▶ EXERCISE GOAL: Produce a word-for-word copy of the data that follows, excluding images.

▶ DATA SHOWN:
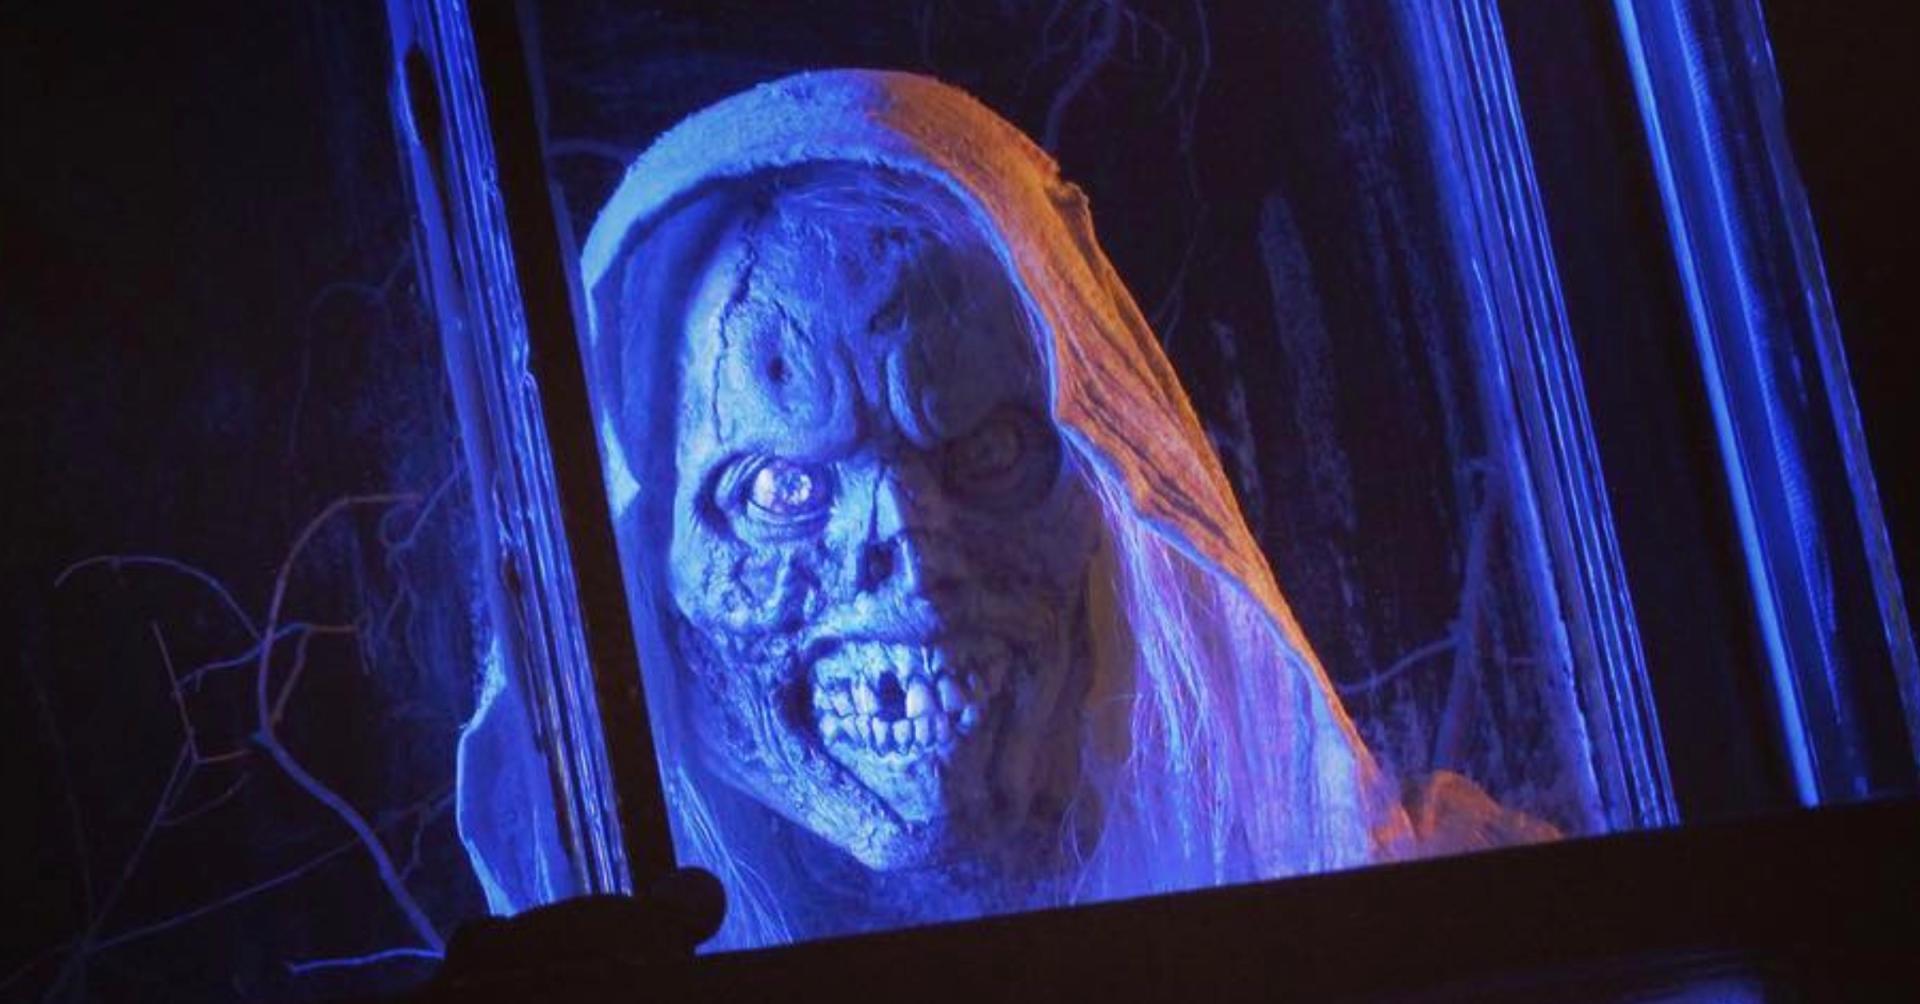 Ősszel visszatér a Creepshow
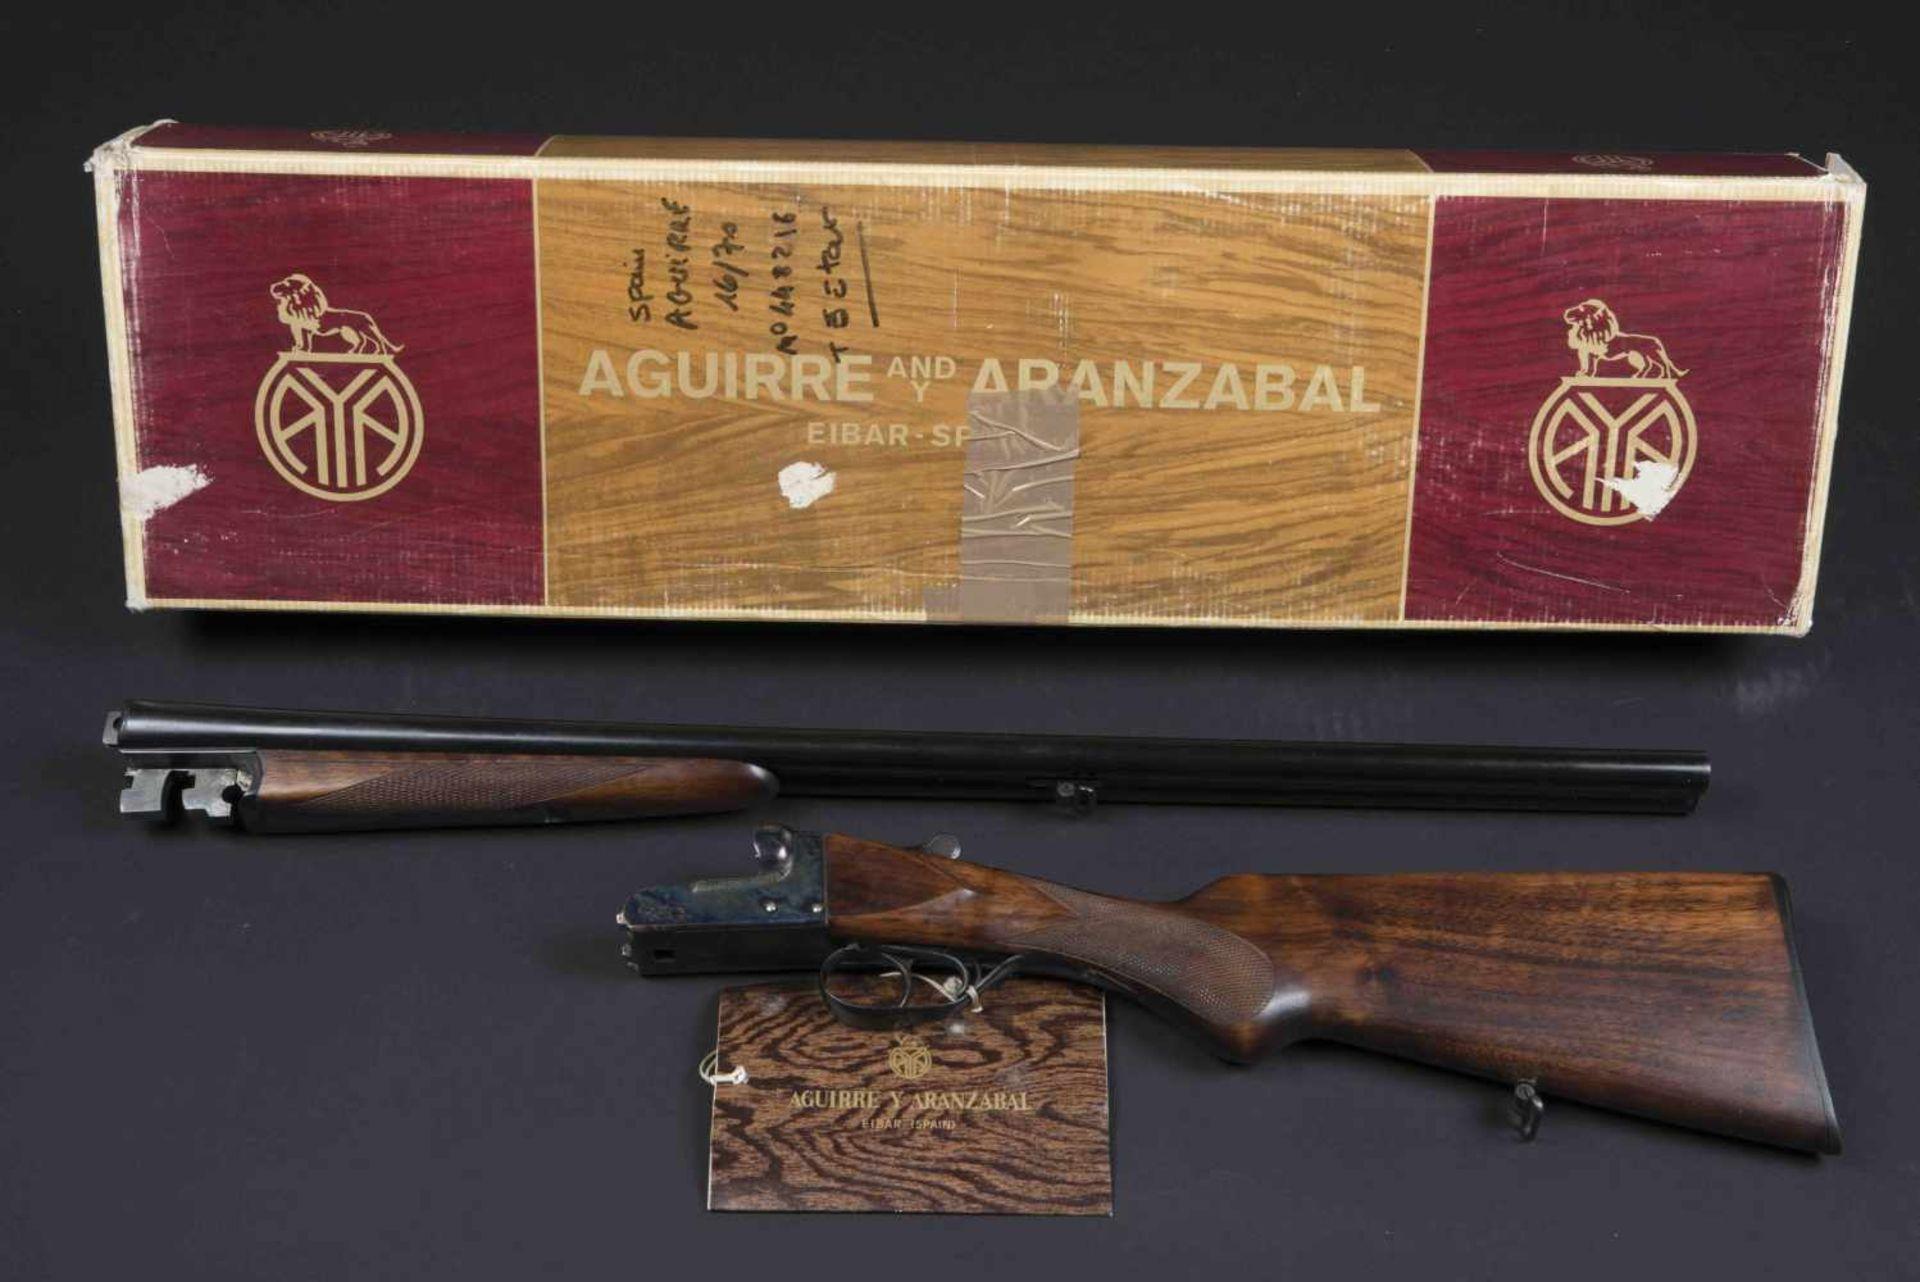 Fusil Spain Aguire Catégorie C Calibre 16/70, numéro 448216, dans sa boite d'origine jamais monté.
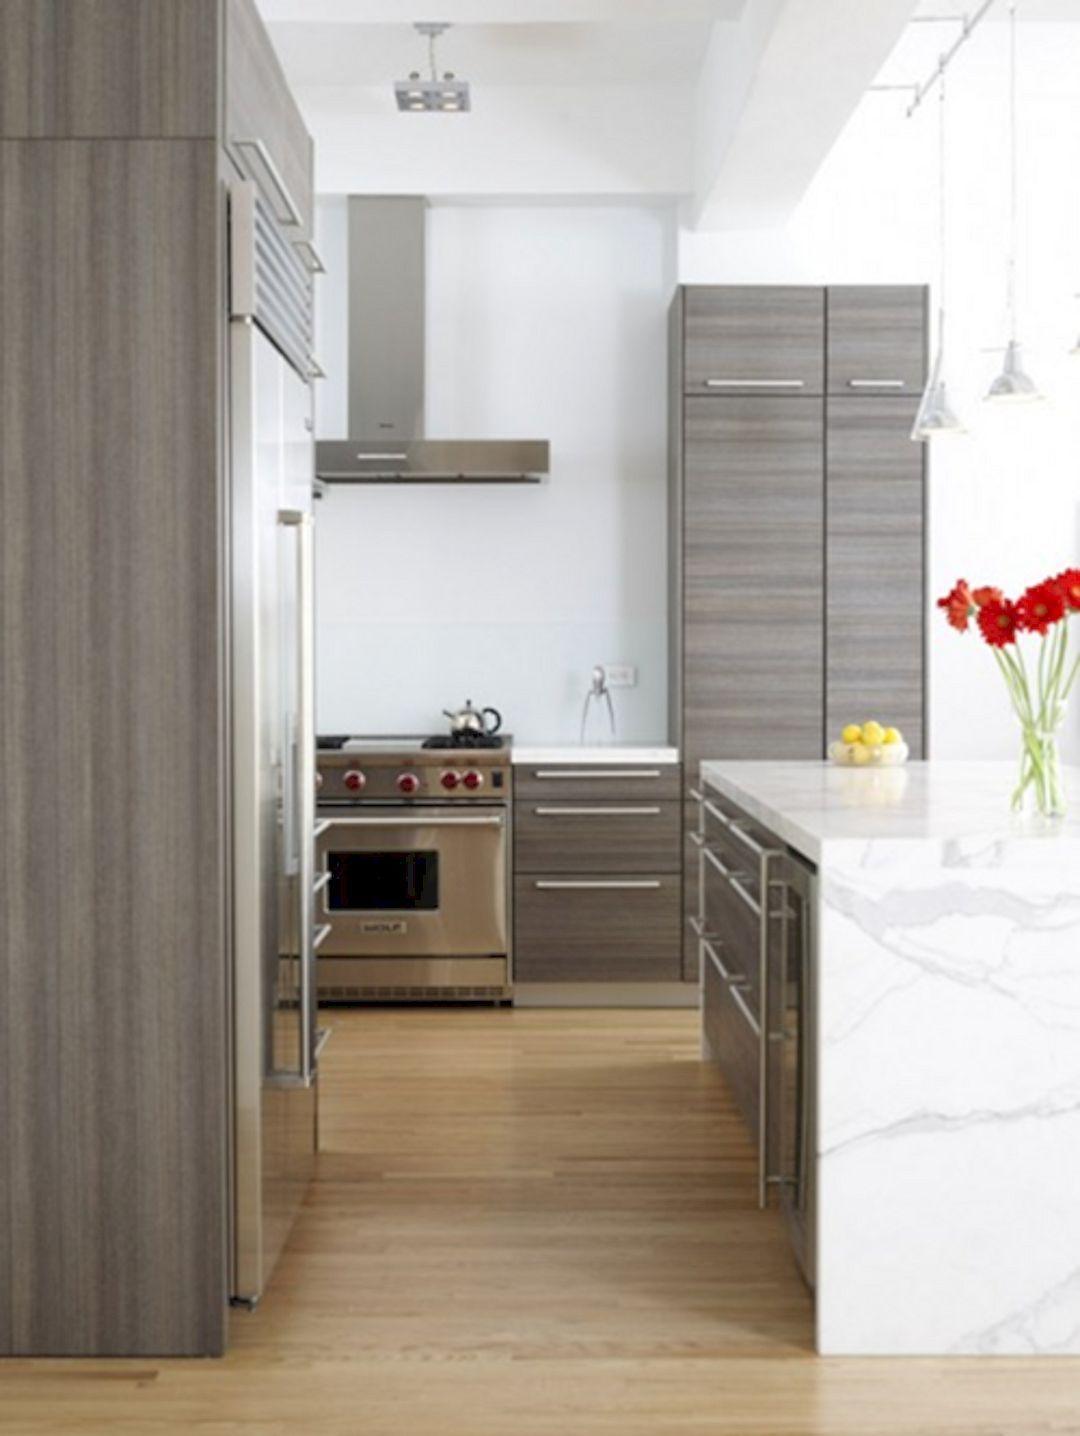 Stylish modern kitchen cabinet design modern kitchen cabinets
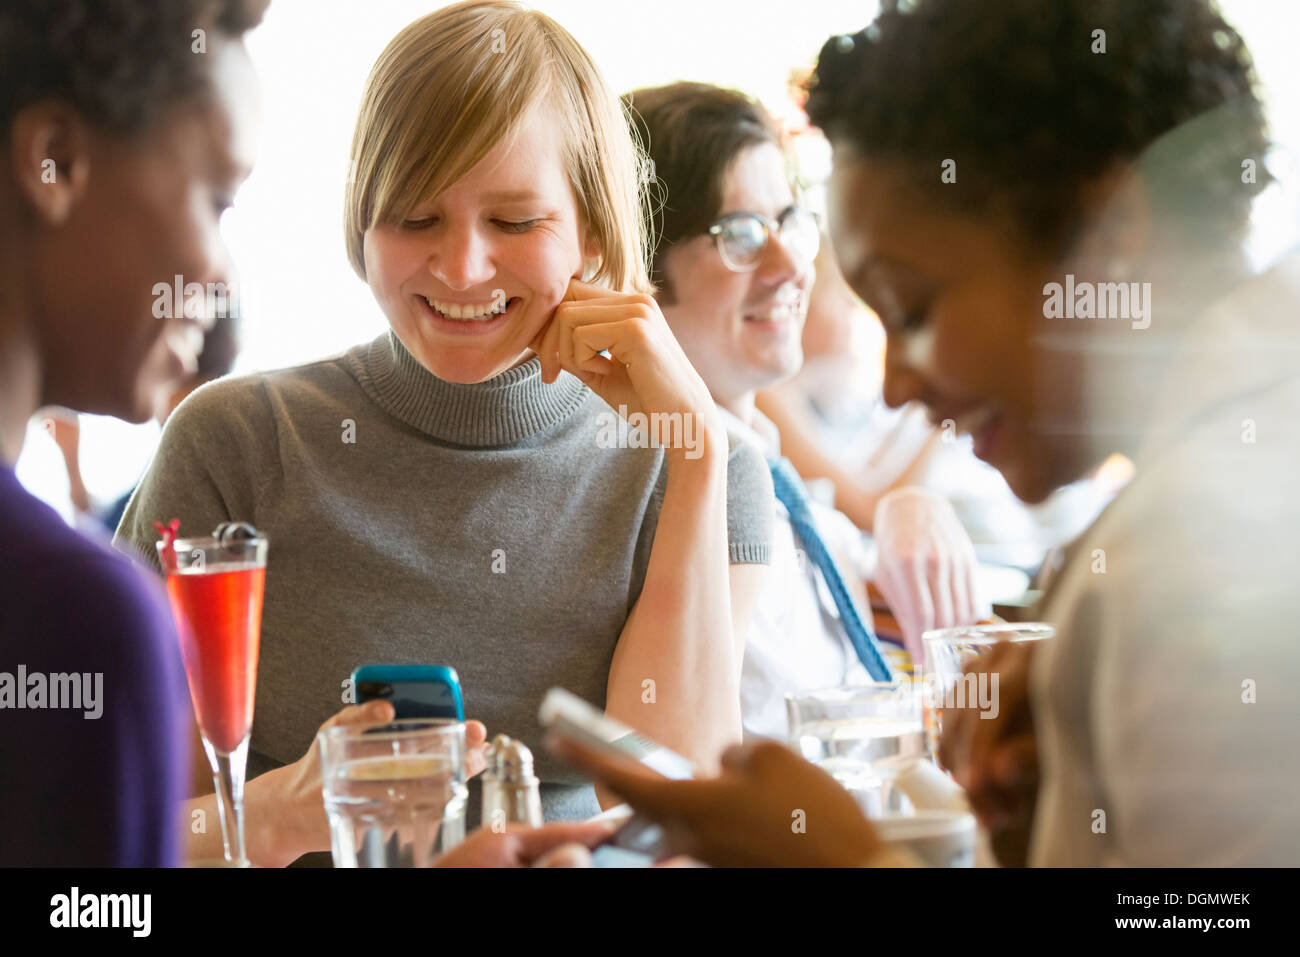 Leben in der Stadt. Eine Gruppe von Menschen in einem Café, überprüfen ihre Smartphones. Stockbild

▶ ANSWER TO THIS TASK:
 Ősszel visszatér a Creepshow
 Fusil Spain Aguire Catégorie C Calibre 16/70, numéro 448216, dans sa boite d'origine jamais monté.
 Stylish modern kitchen cabinet design modern kitchen cabinets
 Leben in der Stadt. Eine Gruppe von Menschen in einem Café, überprüfen ihre Smartphones. Stockbild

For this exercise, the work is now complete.